A lanciare un ennesimo appello è l'europarlamentare eletto nella circoscrizione elettorale abruzzese, Gianni Pittella dal momento che da ieri, praticamente tutti gli aquilani (tranne i lavoratori autonomi con un volume di affari non superiore ai 200 mila euro) sono tornati a pagare le tasse.
Una richiesta insopportabile per quanti nella notte del 6 aprile hanno perso tutto e che oggi, davanti alle macerie di una città che stenta a ripartire, subiscono l'ennesima beffa.
E in attesa degli sviluppi sulla manovra correttiva, anche l'Inps richiede il rispetto dei termini della restituzione dei contributi previdenziali non versati nei primi mesi del post-sisma.
Il termine del 16 giugno 2010 di scadenza del pagamento della prima delle 60 rate con cui vengono restituiti i contributi sospesi da aprile novembre 2009, è stato infatti confermato da un nuovo messaggio Inps a firma del direttore generale.

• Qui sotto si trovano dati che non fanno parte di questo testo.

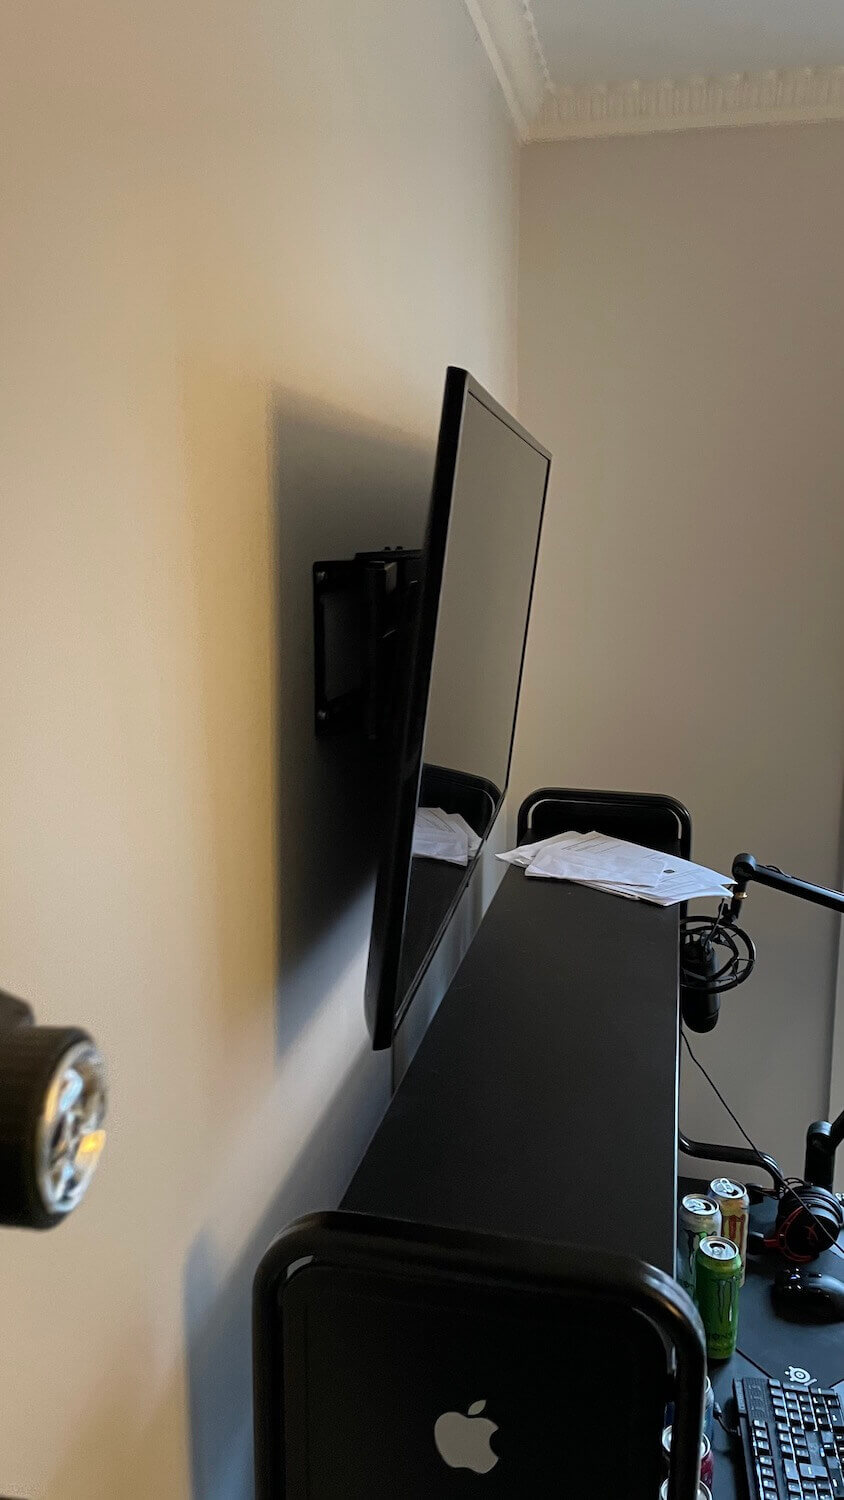 Montering af TV på vægbeslag med tiltfunktion

E questo «alla luce delle maggiori informazioni pervenute, concernenti il testo degli emendamenti approvati dal Consiglio dei Ministri».
La comunicazione, che porta la data del 28 giugno 2010, integra il testo contenuto nel messaggio 16896 del 25 giugno, con cui lo stesso ente sospendeva l'operatività del provvedimento attraverso il quale l'Inps richiedeva il recupero in un'unica soluzione dei tributi non versati da dicembre 2009 a giugno 2010.
Ci sono poi le banche a battere cassa: «alcuni istituti di credito hanno cominciato a bussare alle porte degli aquilani per pretendere la riscossione dei mutui», ha denunciato Giovanni Lolli, deputato del Pd. «La situazione è molto preoccupante, io continuo a sperare in una modifica dell'emendamento presentato al Senato: c'è ancora tempo per un ravvedimento di governo e maggioranza».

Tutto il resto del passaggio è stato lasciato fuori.